Another common toxin in cyanobacteria is anatoxin-a, which is a neurotoxin.

“When you hear about dogs dying because they were exposed to harmful algal blooms, it’s usually because of that anatoxin,” Launer said.

How does the monitoring program work?

HABs Harriers monitor their zones at least once a week. According to the newsletter, 74 zones and 53% of the Cayuga Lake shoreline were covered by the program in 2020.

“At the start of the season in June, we all get together with all the volunteers, and we map out sections of shoreline on the lake that each volunteer commits to monitoring,” Launer said.

Volunteers report blooms they notice to the CSI and collect samples. Quadrant leaders help coordinate the effort and take samples to the CSI lab located in Ithaca to be tested for the microcystin toxin.

To notify the public, the CSI publishes HAB reports on its website in close to real time.

Who are the volunteers?

Launer said many of the volunteers are lakeshore homeowners.

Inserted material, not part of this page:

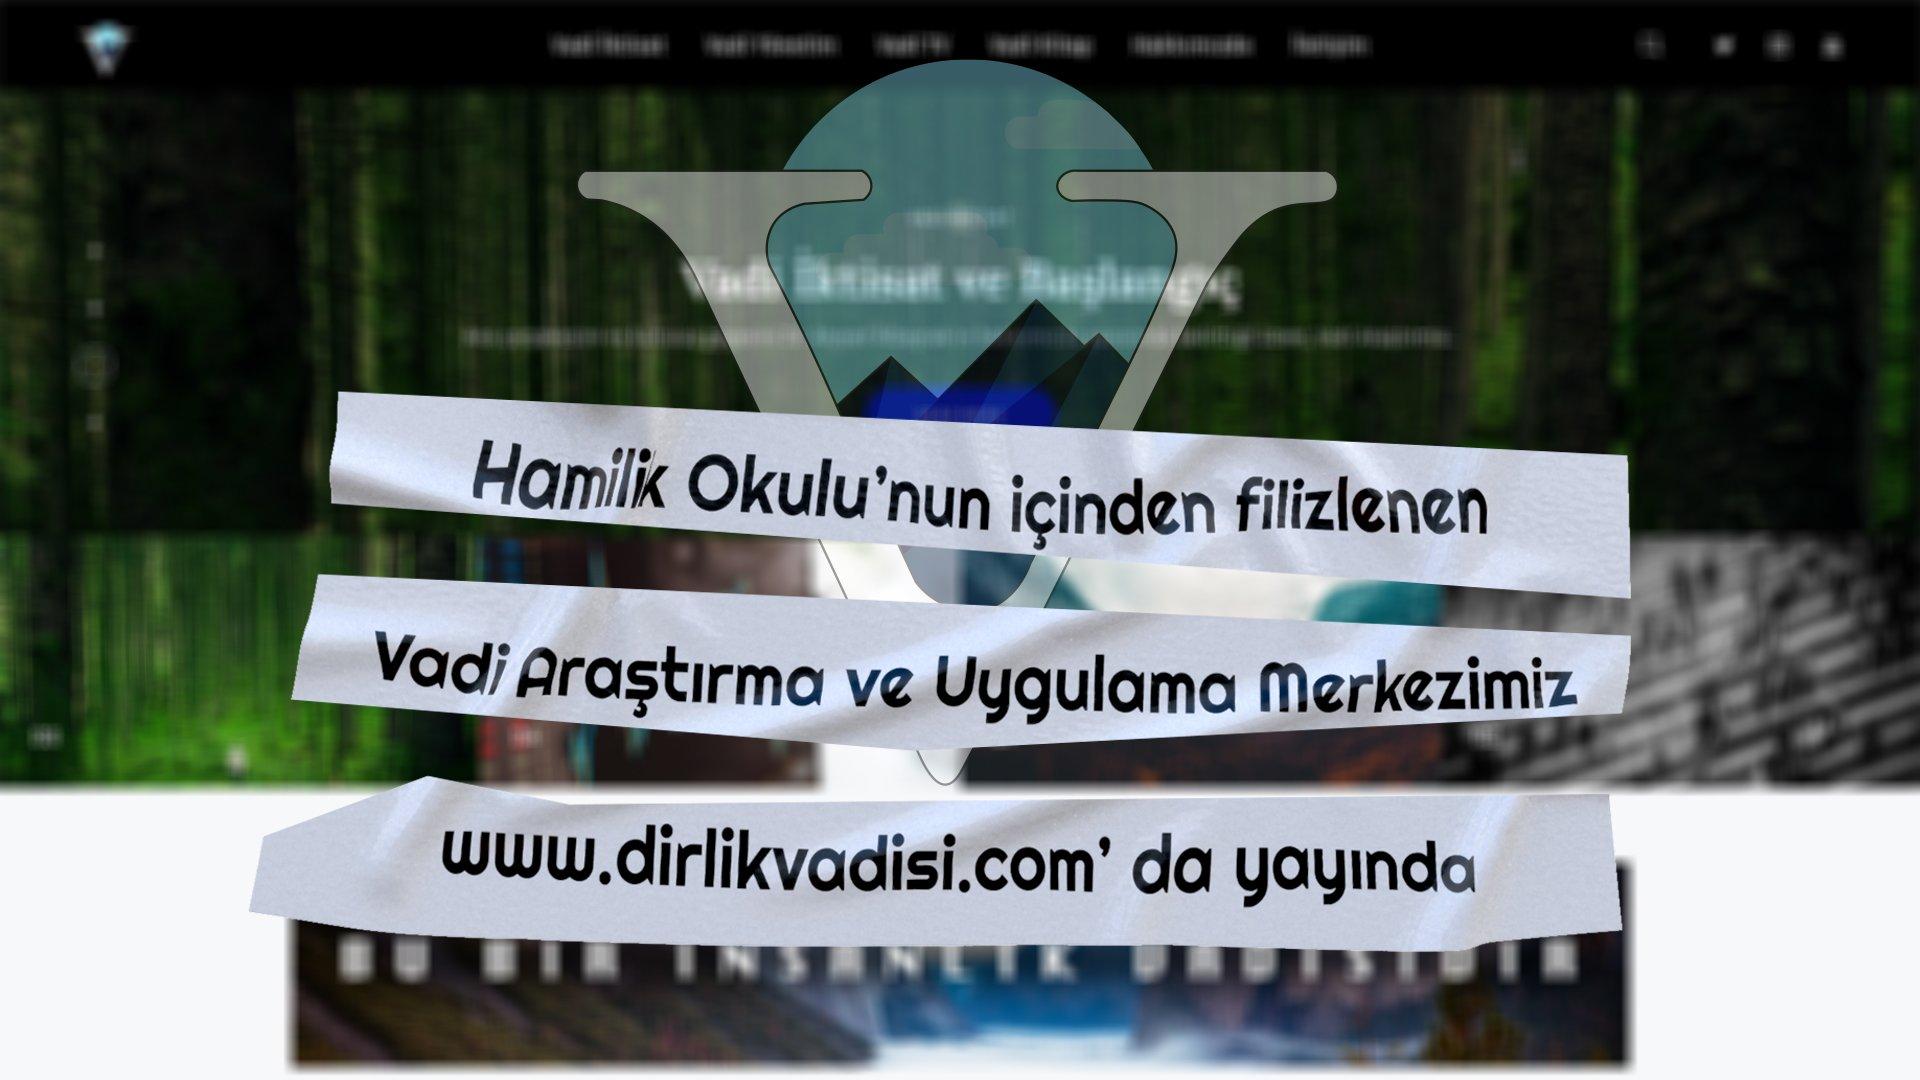 Vadi Araştırma ve Uygulama Merkezi www.dirlikvadisi.com' da Yayında! post thumbnail

Cayuga Lake from the shore at Allan H. Treman State Marine Park.
Some homeowners living along Cayuga Lake monitor their own shoreline for harmful algal blooms. BRIDGET HAGEN/ITHACA WEEK

“Nobody knows the lake better than people that are living right there,” Glenn Ratajczak, southeast quadrant leader, said. “They really have a good background perspective from being there all the time and just constantly being vigilant looking at the lake.”

John Abel, southwest quadrant leader and treasurer of the Cayuga Lake Watershed Network, has lived on the lake for over 40 years.

“Those of us who live right on the lake often sense when there are conditions that might be amenable to a bloom, so we go down and check,” he said.

Launer said the volunteers’ knowledge of the lake and its patterns helps the CSI improve its science and how it structures its programs.

“Having that public energy and that will and this care about the lake that they love is a really important part of giving the data a voice as well,” he said.

The CSI will be recruiting volunteers for the HABs monitoring program until it begins in June.

“It’s a great way to get involved with a group of people who really care about the lake and its health,” Launer said.